For Immediate Release                                                                                    26 February 2013

Ablon Group Limited ("Ablon" or the "Company")

Statement in relation to the announcement regarding an unconditional mandatory cash offer to be made by CPI Group a.s ("CPI") for the entire issued share capital of the Company not already owned by CPI ("Offer")

The board of Ablon ("Board") notes the announcement by CPI on 22 February 2013 of an unconditional mandatory cash offer to be made by CPI for the entire issued share capital of the Company, not already owned by CPI, at a price of 22.5 p per ordinary share of ?0.01 in the Company ("Ordinary Share"), valuing the Company's entire issued share capital at £30.8 million.
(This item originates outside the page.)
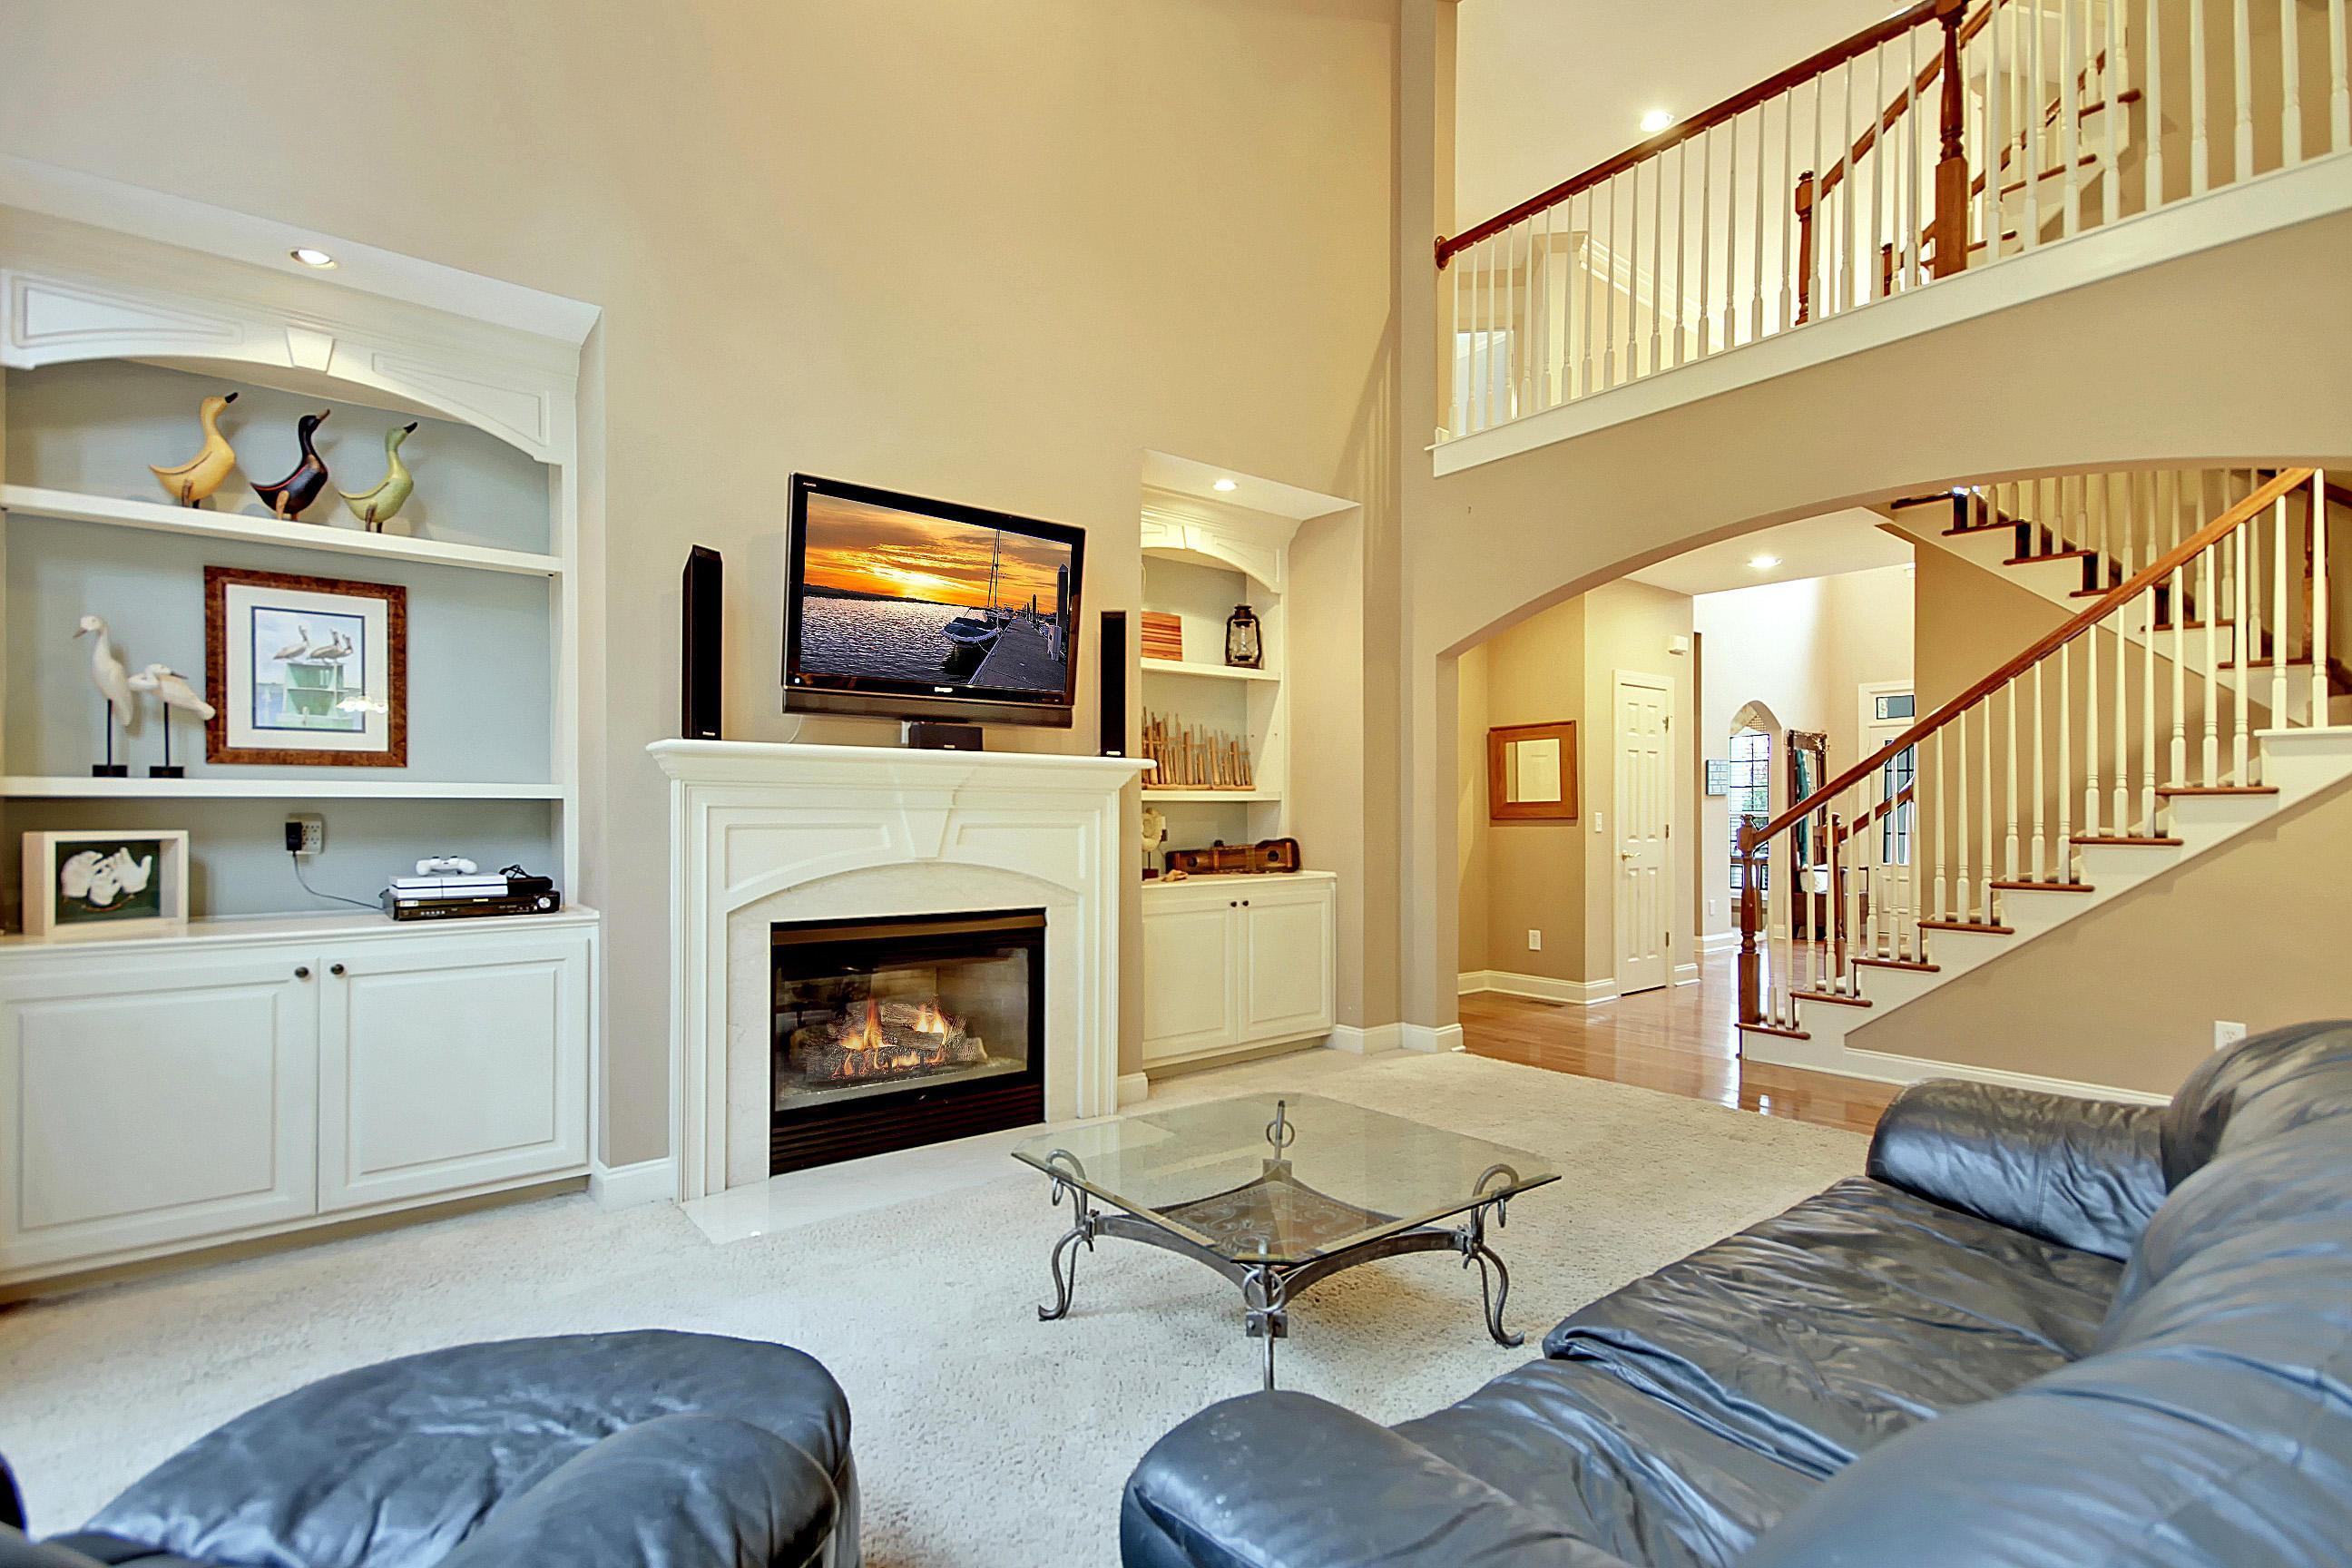 Dunes West Homes For Sale - 2449 Darts Cove, Mount Pleasant, SC - 4

Whilst the Board recognises that the Offer would provide shareholders with the opportunity to exit their investment; as stated in the Company's announcement of 15 February 2013, the Board believes that an offer at 22.5 pence per Ordinary Share does not fairly reflect the underlying value of the Company and its assets.

The Board also notes CPI's intention to seek a recommendation for the Offer from the Board and will provide in due course their further views and/or a recommendation as to what action shareholders should take.

Each member of the Board accepts responsibility for the information contained in this announcement and, to the best of each member of the Board's knowledge and belief (having taken all reasonable care to ensure that such is the case), the information contained in this announcement is in accordance with the facts and does not omit anything likely to affect the import of such information.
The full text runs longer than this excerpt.